Remove broken, hanging or dead palm fronds. Do not remove leaves that are just slightly brown on the tips, as this practice can lead to severe nutrient deficiencies which could affect the life of the palm. In addition to dead fronds, remove flowers and fruits, as they could become airborne. If someone suggests pruning in a V-shape, referred to as a “hurricane cut,” find another company. Constant removal of leaves will result in a condition referred to as “pencil top” (trunk narrows just below fronds) which makes the trunk area very weak during storms. In addition, the leaves around the center help protect the bud during high winds. Pruning should not go above a horizontal line through the base of the fronds. So when completed, the fronds should extend out from nine to three o’clock resembling the shape of an umbrella. Spikes should not be used to climb any palms or any trees. If you have pole pruners, you can make a lot of the necessary cuts on smaller palms and avoid excessive pruning and potential disease problems.
Mulch will frequently be washed away from plant beds, so prepare to replace it once the storm is over. If beds are soggy, wait for them to dry out some before mulching. Rubber edging materials will sometimes help to hold in the mulch but may also hold in water. Try placing pine straw along the edges of plant beds to help contain bark mulch.
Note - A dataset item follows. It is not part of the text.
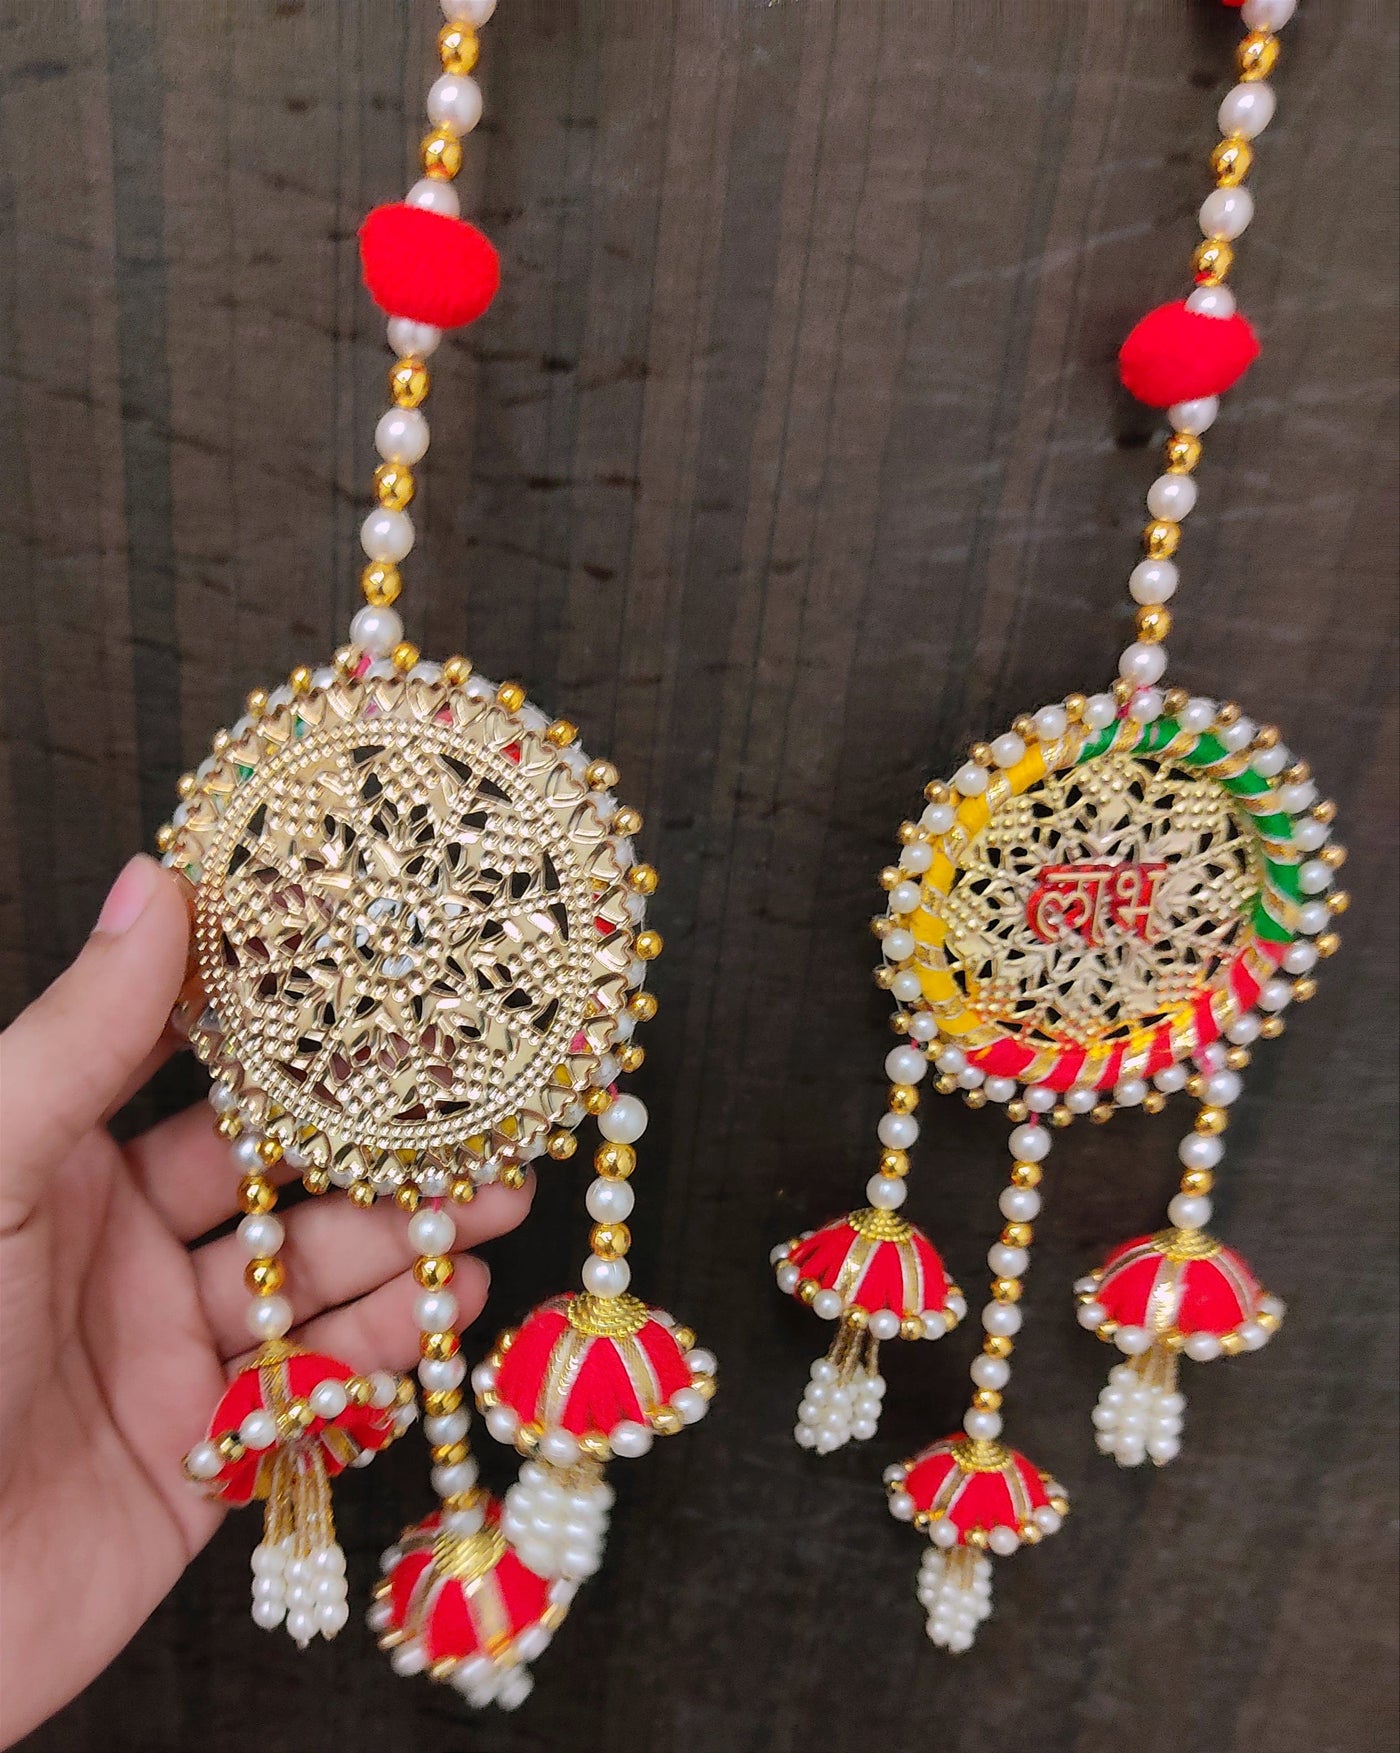 Lamansh shubh labh LAMANSH Decorative Shubh Labh Hangings for Navratri & Diwali Decor | Hangings for door entrance in festivals
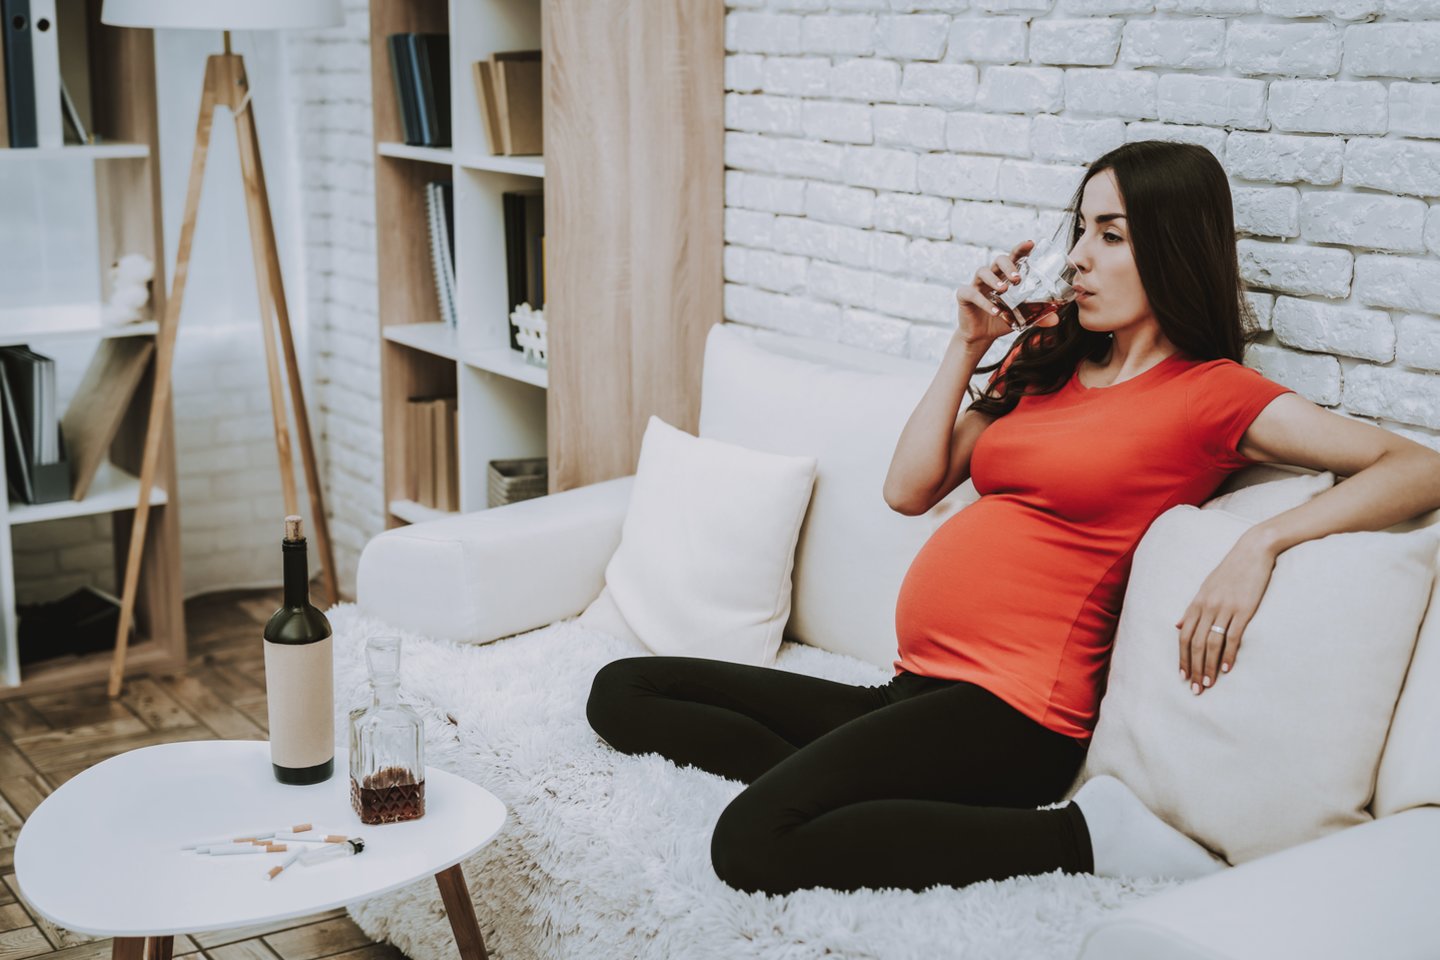  Apie 3 proc. nėščiųjų vartoja alkoholį.<br> 123rf.com nuotr.

Although September is the month we traditionally put out our last lawn fertilizer application, do not spread fertilizer if a tropical storm/hurricane is imminent or prior to a heavy rain. Little if any of the fertilizer will benefit the lawn as the fertilizer will be washed away, moving into the storm drain or any adjacent water bodies and contributing to algal problems
CONTAINER PLANTS AND PATIO FURNITURE
Anything outside should be secured or moved to a sheltered area. Small container plants/hanging baskets can become airborne, as can patio umbrellas and furniture. People that have pools often put their patio furniture in the pool. That won’t work for containerized plants but you could place them in a sheltered area like the garage. If they are too heavy to move, try placing them behind a hedge close to the foundation of the house and lay them flat.
BUGS AND OTHER CRITTERS
If we get a lot of rain, be prepared for bugs and other critters looking for higher ground to make their way into homes. Ants, roaches and snakes will escape saturated soils because they are in the survival mode. There are plenty of products available to control the insects and a sticky board may be the best bet for snakes.
We may get lucky and avoid this one but it’s better to be safe and prepare for the worst. For more info on preparing for hurricanes, go to the UF Extension program’s disaster preparation website at solutionsforyourlife.com/disaster_prep/index.shtml.
Terry Brite DelValle is a horticulture extension agent with the Duval County Extension Service and the University of Florida/IFAS.